Am worried about me, currently deactivated again. Too much fear and anger and uncertainty is consuming me. I did nothing all day but sleep on the couch after a bad night/morning of Uber rides, got done about 4:30am, obsessively stayed on my phone even after I went home and layed down until about 10:am before finally falling asleep.
Now it is 7:30pm and I’m still laying here. Missed out on playing tennis in my Meet Up group at 5:30, missing out on a chance to get some outside air and good exercise(I need to realize that’s more important than how much I suck, as far as my tennis-playing ability is concerned, even though that perpetually frustrates the living hell out of me).
Now am just laying here, trying to decide whether to get up and go eat somewhere and then go see a movie and/or do Uber rides, or do nothing at all….
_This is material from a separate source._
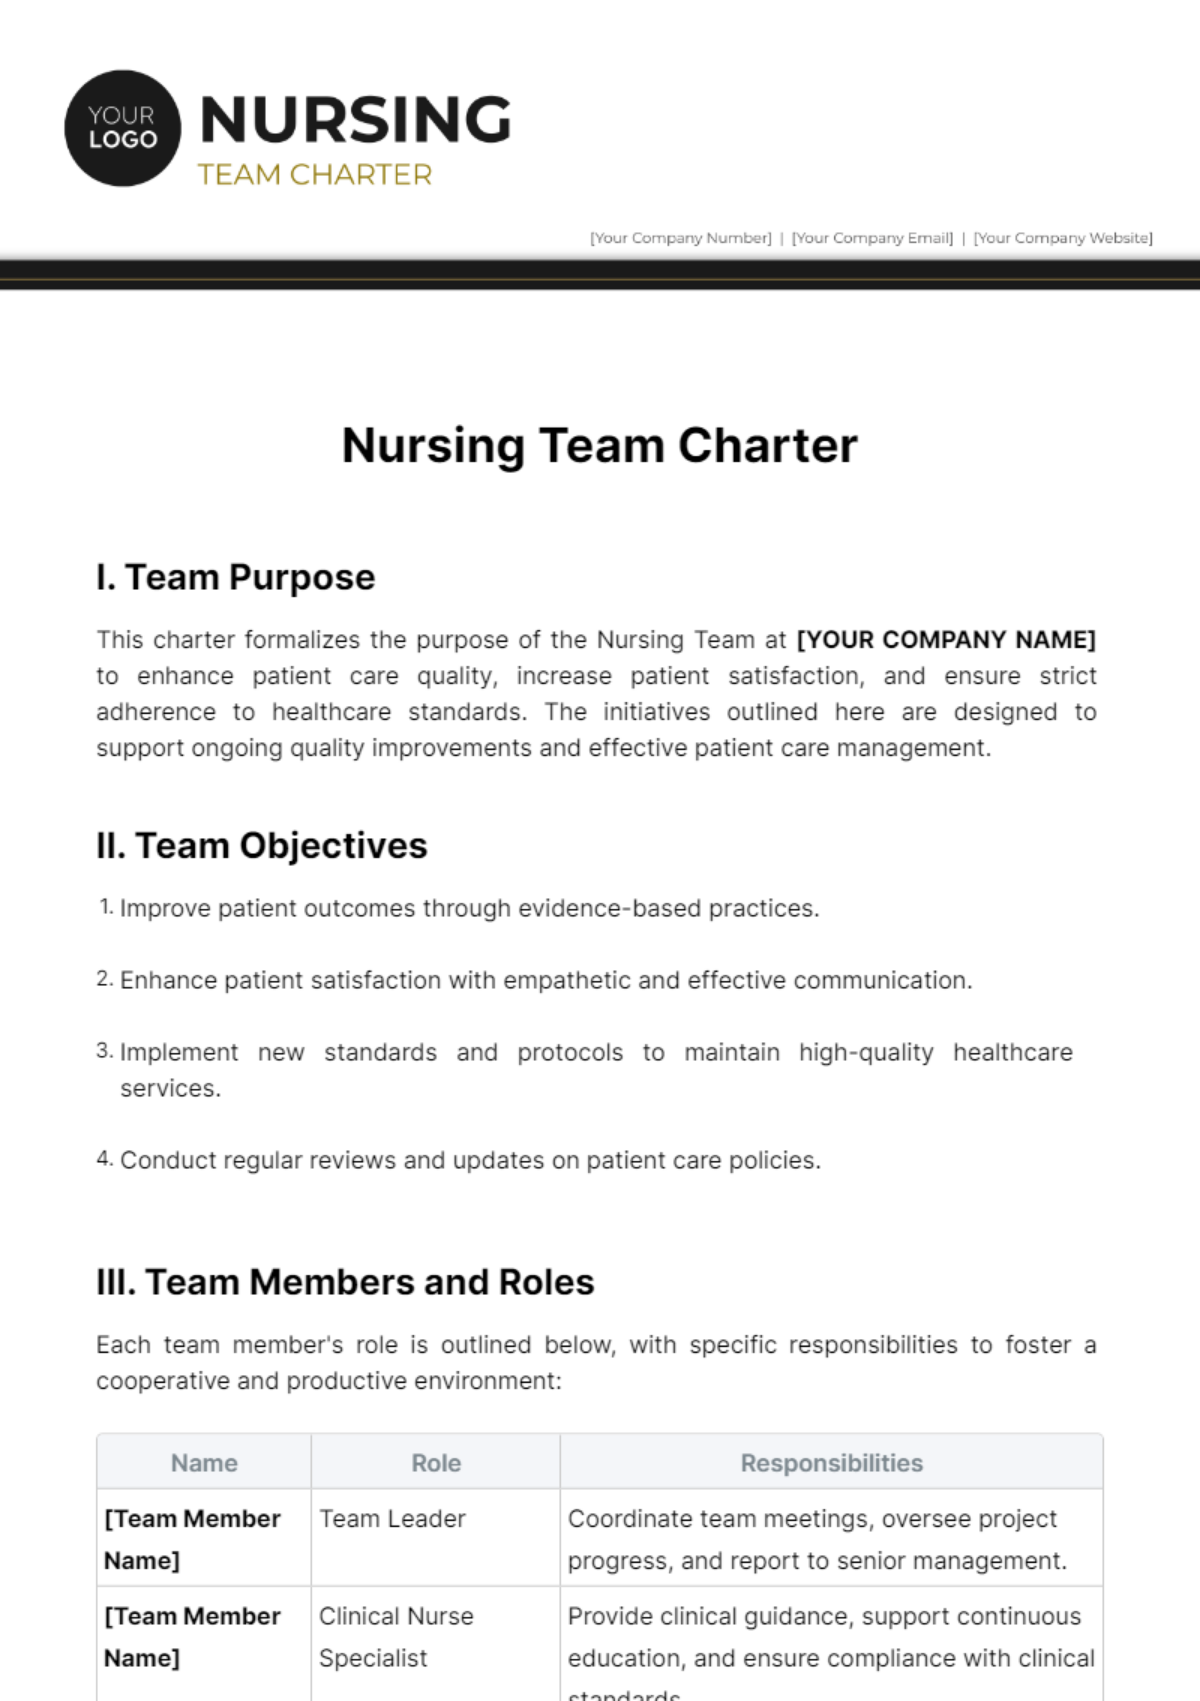 Nursing Team Charter Template

I’m….too frustrated and angry and scared and lost . I worry about me. Sorry about how self-absorbed this must sound. I truly love you all(no matter how little or how much I know you), and am always hoping and praying for the best for all of you, that either things deservingly stay good for you if they currently are,
or that things desrvingly get drastically better for you if you’re struggling out there and are well overdue for much better days ahead.
Rise above, good people. Hang in there and stay strong.
(Oh for the love of G-d, it’s telling me I’m short of 300 words again and can’t be “published” until I reach that minimum amount. Sigh.) Tell me, whomever was responsible in redesigning this site, why this obligatory 300-word minimum clause?!? Why in the hell would they require something as incredibly stupid as that?!? As if they haven’t ruined an incredibly wonderful site as it is, desecrating and all but eliminating the beautifully designed individual profile pages that so many people took so much time and put such thought and creativity into, but then they have to torment us further by requiring out blogs to be a certain length?!?)